Цугцванг
Шрифт:
«Что же будет теперь, когда два объекта с непреодолимой страстью наконец встретятся? Кровать, наверно, придется новую заказывать…» — мотаю головой, потому что на самом деле я не хочу знать и даже касательно, мимолетно представлять.
Мне хочется бежать без оглядки, сердце снова ноет и гулко стучит, каждым ударом разбивая меня изнутри. Не знаю, как буду сидеть здесь на диване и знать, что за стеной происходит…
— Куда ты?!
Цепляюсь бездумно и слишком быстро за возможность, которую замечаю краем глаза:
— Илья ее посмотрел, сказал, что у нее, наверно, сотрясение. Нужно съездить в ветеринарку.
«Это мой шанс!» — я бы хотела сказать, что меня дико волнует ее судьба, и, разумеется, она волнует, но мной все равно больше руководят эгоистичные мотивы. Такое стыдно признать, и я чувствую себя отвратительно, но ничего не могу с этим сделать — мне просто необходимо отсюда сбежать, или меня таки изнасилуют, пусть и морально…
— Я с тобой!
Недоверчиво щурится, пару мгновений молчит, прижимаю маленький сверток к груди, потом мотает головой.
— Нет.
— Но почему?! Это моя кошка!
— Мне не нужны проблемы. Голова итак болит.

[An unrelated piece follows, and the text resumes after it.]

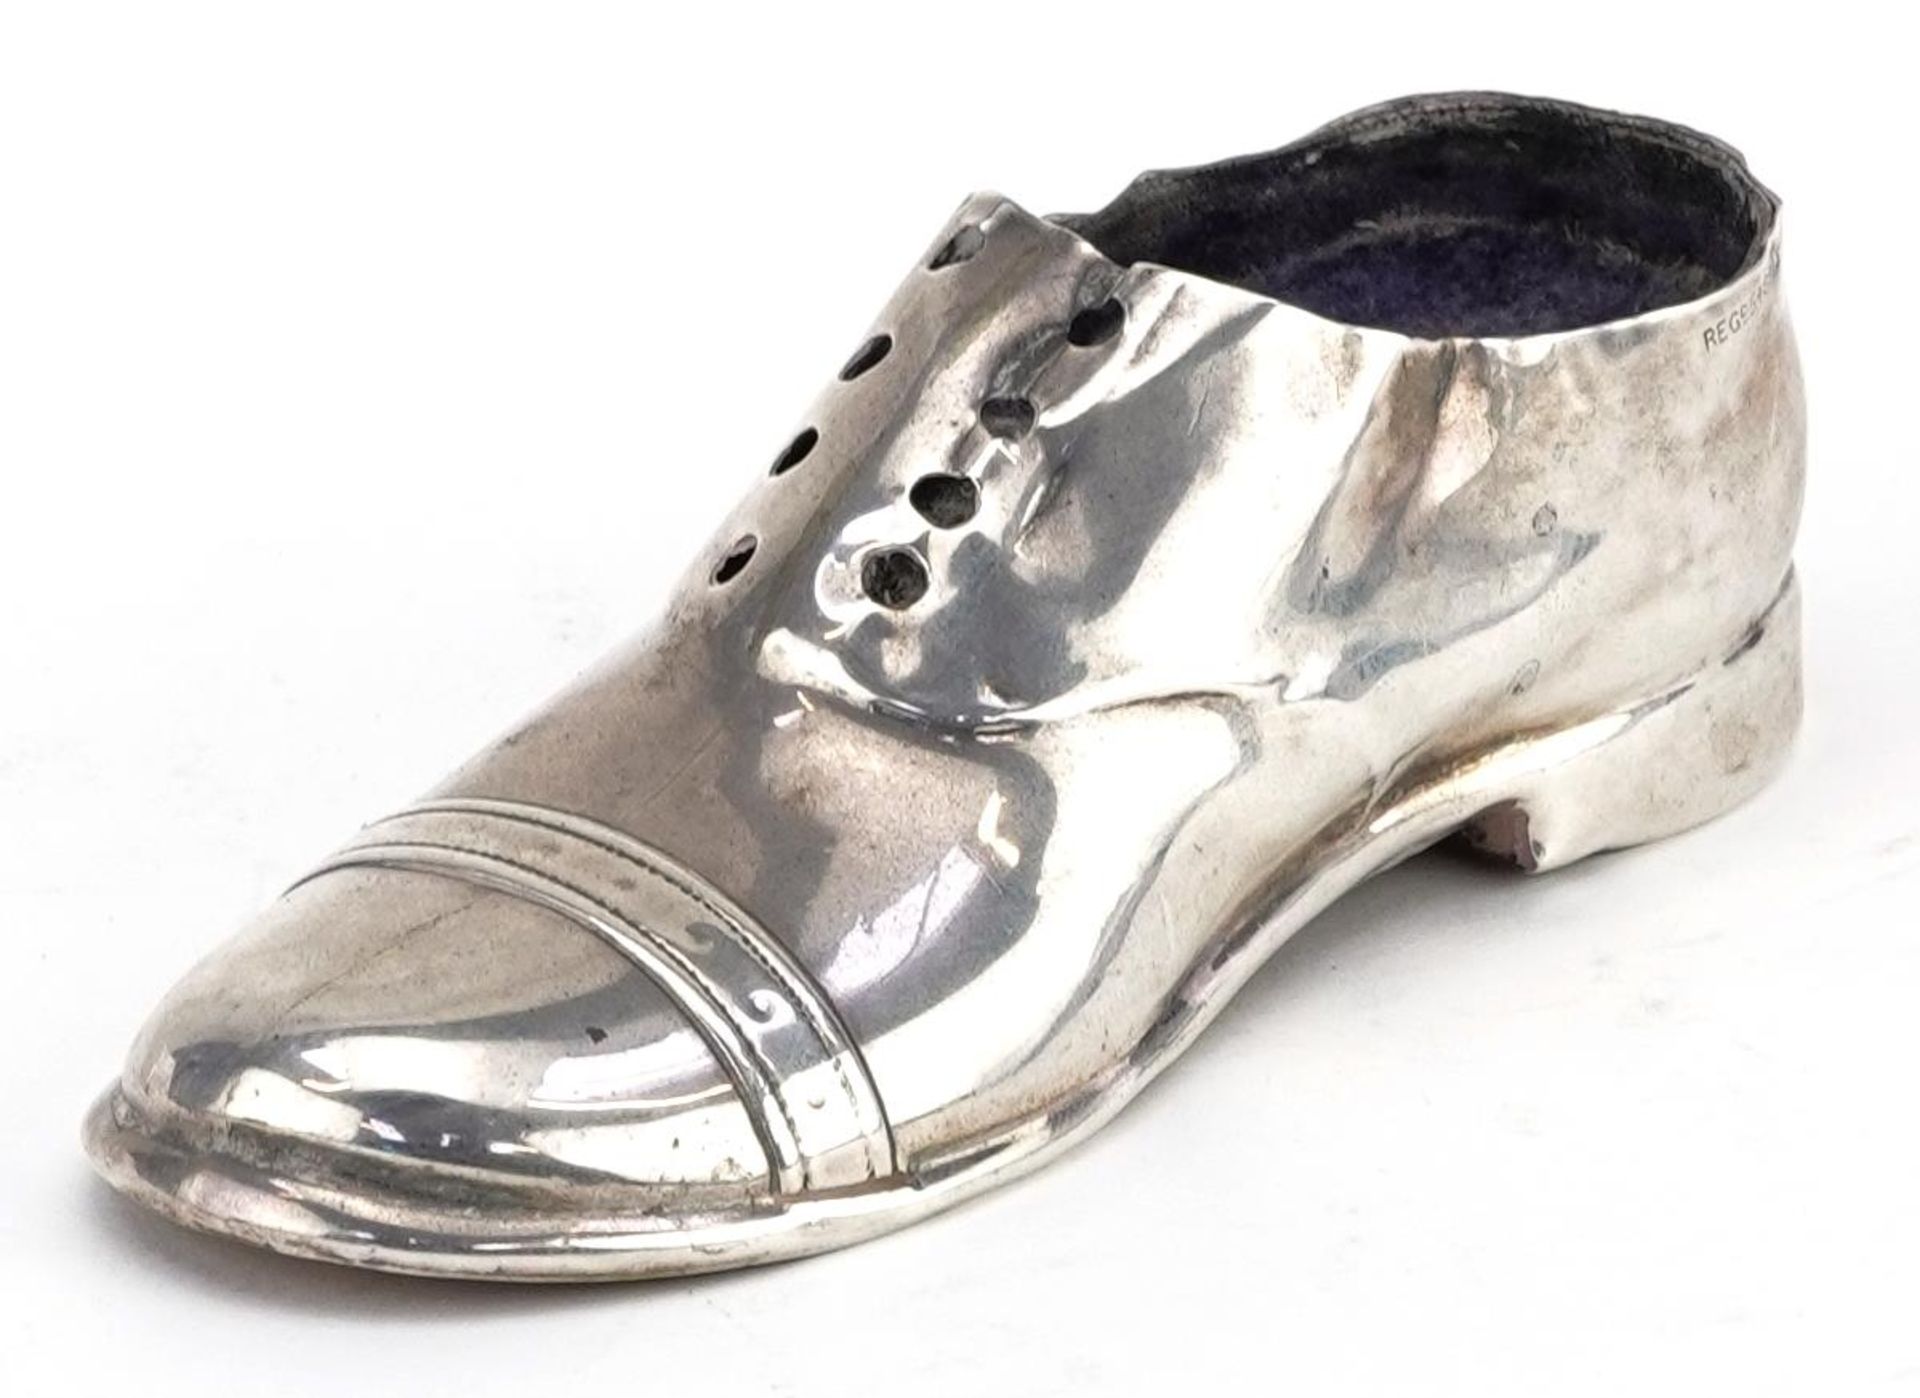 S Blanckensee & Son Ltd, large Edwardian silver and oak pin cushion in the form of a shoe, Chester

— Мстишь?! Ты серьезно?! — повышаю тон, делая на него шаг, — Так было нужно!
— Могла бы предупредить!
— И ты бы позволил?! Нет! Ты бы стал снова выворачиваться! Нужно было кому-то действовать и быстро — я решила.

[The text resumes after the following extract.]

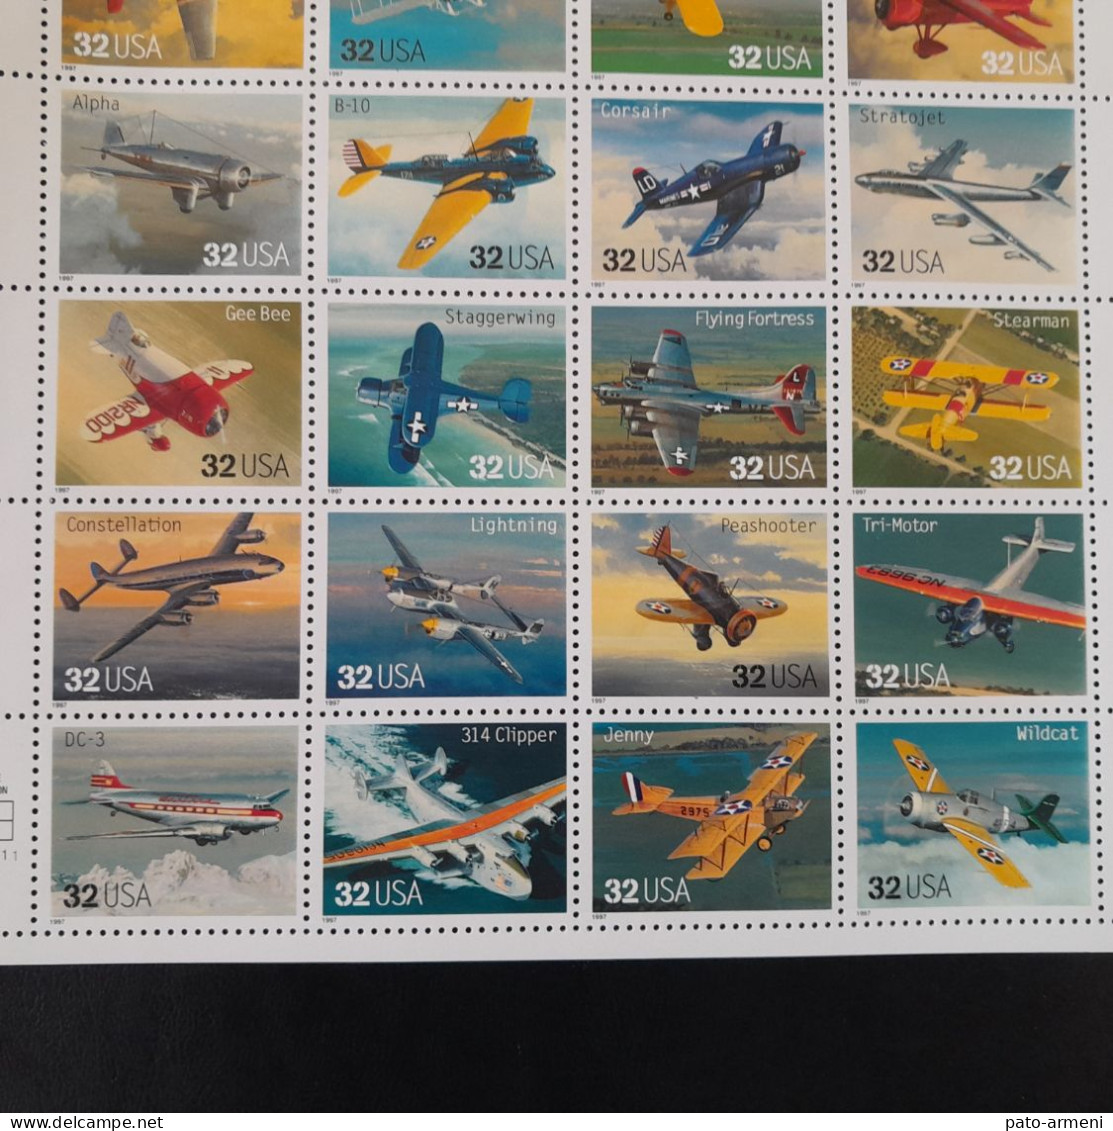 Timbres US (1997)- Classic American Aircraft Feuille De 20- SC#3142 - Unused Stamps

Молчит, потому что знает, что я права, а из комнаты в этот момент раздается глухой удар. Я кошусь в сторону, не успеваю насладиться триумфом, снова на него смотрю и шепчу.
— Пожалуйста, возьми меня с собой.
Он сразу понимает, бегло смотрит мне за спиной, молчит — думает. Я нервно сжимаю пальцы, кусаю губу, сейчас от него зависит мое душевное равновесие, как бы смешно не звучало…
— Я должен буду предупредить.
— Мы успеем вернуться.
— Не успеем, и тебе это известно.
— Пожалуйста… Я не буду ничего делать, буду молчать, клянусь, но если ты пойдешь туда, он не позволит мне поехать…А я не могу здесь оставаться…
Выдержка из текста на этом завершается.